My wife is an avid Scrabble fan, so I bought her Encore's Scrabble 2007 v1.0, and requires CD disc in drive for startup. If I would have known that this kind of copy protection was a feature.....I wouldn't have bought it. It's a real pain in the a$$.

The drive vibrates for about 20 seconds, while the proggie loads the key. Always have to have the disc handy. Explorer will activate disc drive too.

So question is, will virtual CD software such as http://phantombility.com/ solve the problem? I've downloaded cracks, but I haven't had the guts to install them.

Any thoughts?
Cheers,
Jim


----------



## leroys1000 (Aug 16, 2007)

Alchohol 52% free.
This software can setup a virtual drive for you.
You will need to make an ISO file of the CD and mount it to
the virtual drive.


----------



## jimlarkey (Apr 9, 2007)

How do I make an ISO file? And will I be able to make a complete ISO file that will include the copy-protection that appears to be on the orig CD?

Cheers,
Jim


----------



## leroys1000 (Aug 16, 2007)

I don't have alchohol installed right not,but I think it can make an ISO for you.
Check the menus.
The ISO should be an exact copy of what is on the disk.
Only way to know for sure is try it.
There are free ISO makers available.
Just do a google search for iso maker.


----------



## jimlarkey (Apr 9, 2007)

Ran it through Alcohol52%, and it's still looking for the disc insert for startup of the Scrabble game. Interestingly, when I insert the disc, I get another Securrom error that it can't find the disk....probably because it's not on the emulated drive.

http://www.securom.com/ is the copy protection.
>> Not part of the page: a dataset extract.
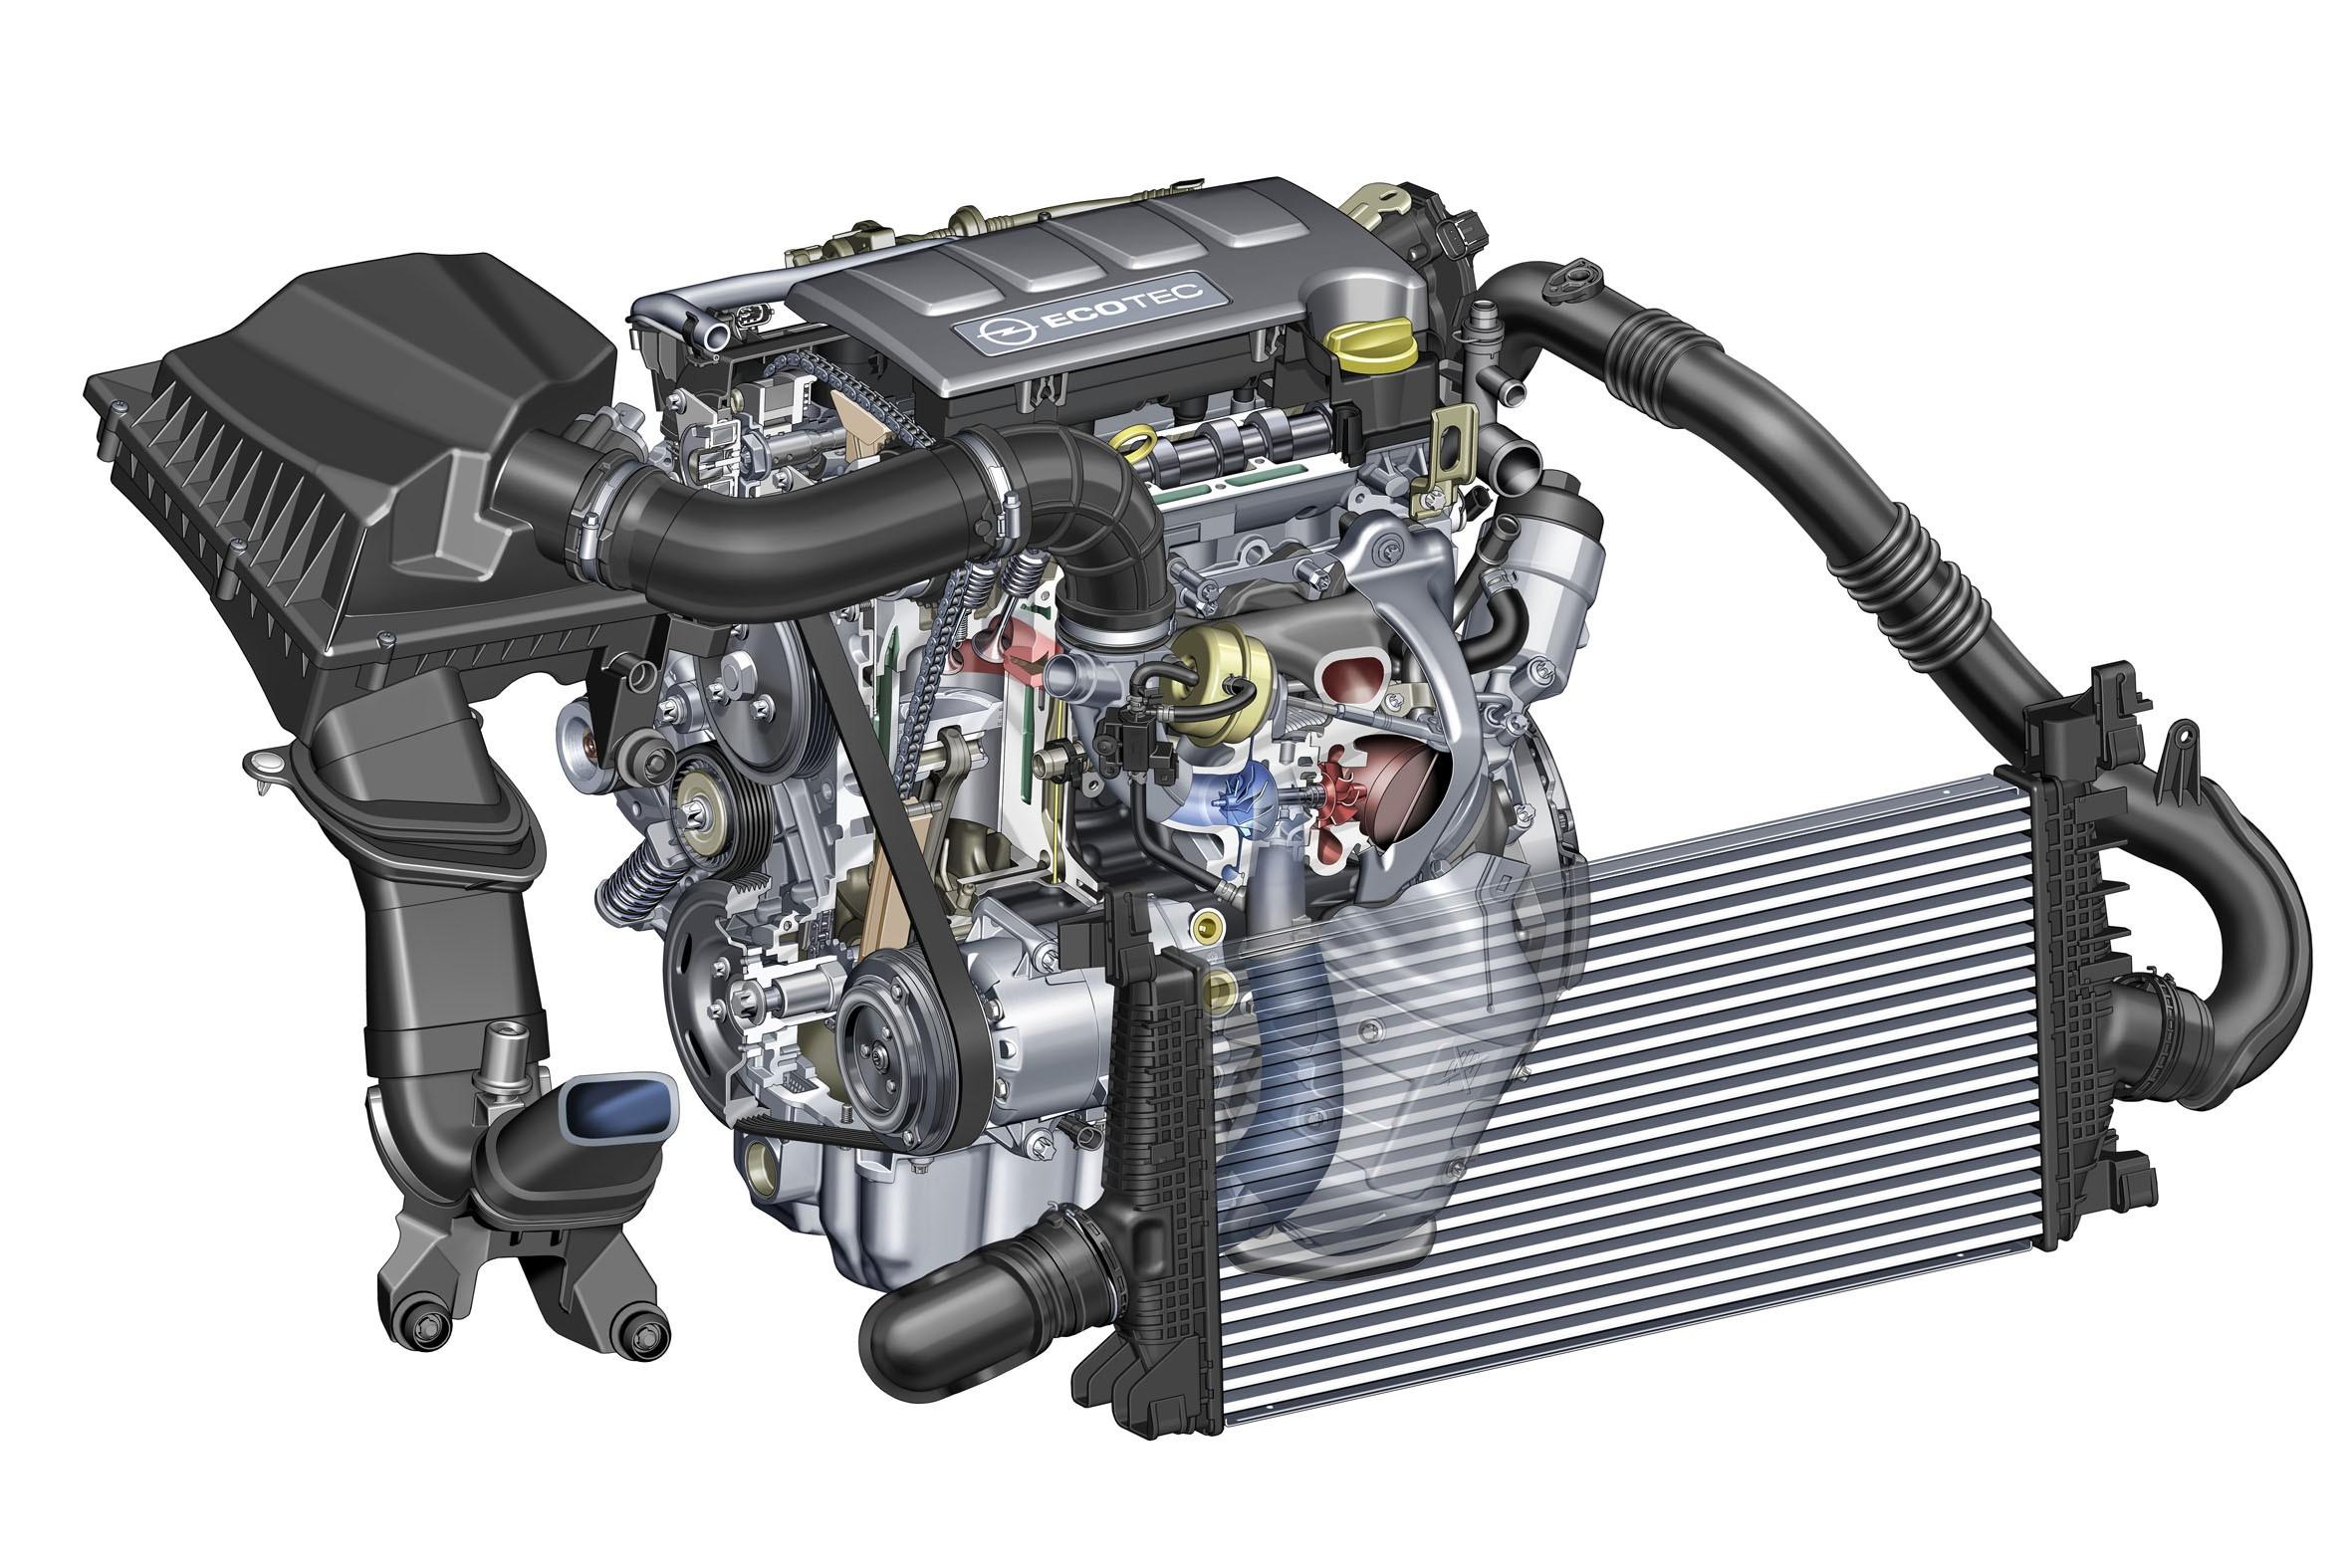 Vauxhall Corsa 1 2 Engine Diagram Opel Pressroom Europe Photos Of Vauxhall Corsa 1 2 Engine Diagram

So Alcohol 52% didn't work.

Cheers,
Jim


----------



## leroys1000 (Aug 16, 2007)

Oh well,was worth a try.
Did you make an ISO file on your computer and mount it to the virtual drive?


----------



## jimlarkey (Apr 9, 2007)

Made a Media Descriptor Image (.mdi) file from within A52% and mounted it, tried to run itbut kept looking for the disc.

Cheers,
Jim


----------



## leroys1000 (Aug 16, 2007)

See if there is an option to make an ISO,.iso.
I don't know if a .mdi file is going to cut it.
If not,here's a free program.
Magic ISO maker.


----------



## jimlarkey (Apr 9, 2007)

I did also try an ISO file, with no luck. I also noticed that on the pull down menu of A52%, there was an option for Securom copy protection, but that didn't do any good. I have found various proggies to make ISO files, including A52%.

Cheers,JIm


----------



## jimlarkey (Apr 9, 2007)

OK, Wife's laptop now runs the Scrabble game without needing to drag that darn CD disc around.

For others, use the following:
Alcohol 52% (virtualCD app) http://www.alcohol-soft.com/
and
Y.A.S.U. (IDE drive mask) http://www.free-downloads.net/programs/Yasu

Alcohol 52% creates the virtual CD drive that you can mount the Scrabble game on, so you won't need the disc, but the SecuROM copy protection that Encore/Hasbro/Gamehouse uses looks to see if a SCSI drive is present (which the virtual CD drive is) and will block if IDE drives are also present. So Y.A.S.U. will hide or mask the IDE drive(s) and force SecuROM to use the virtual drive.

Cheers, and good Scrabbling!!!
Jim


----------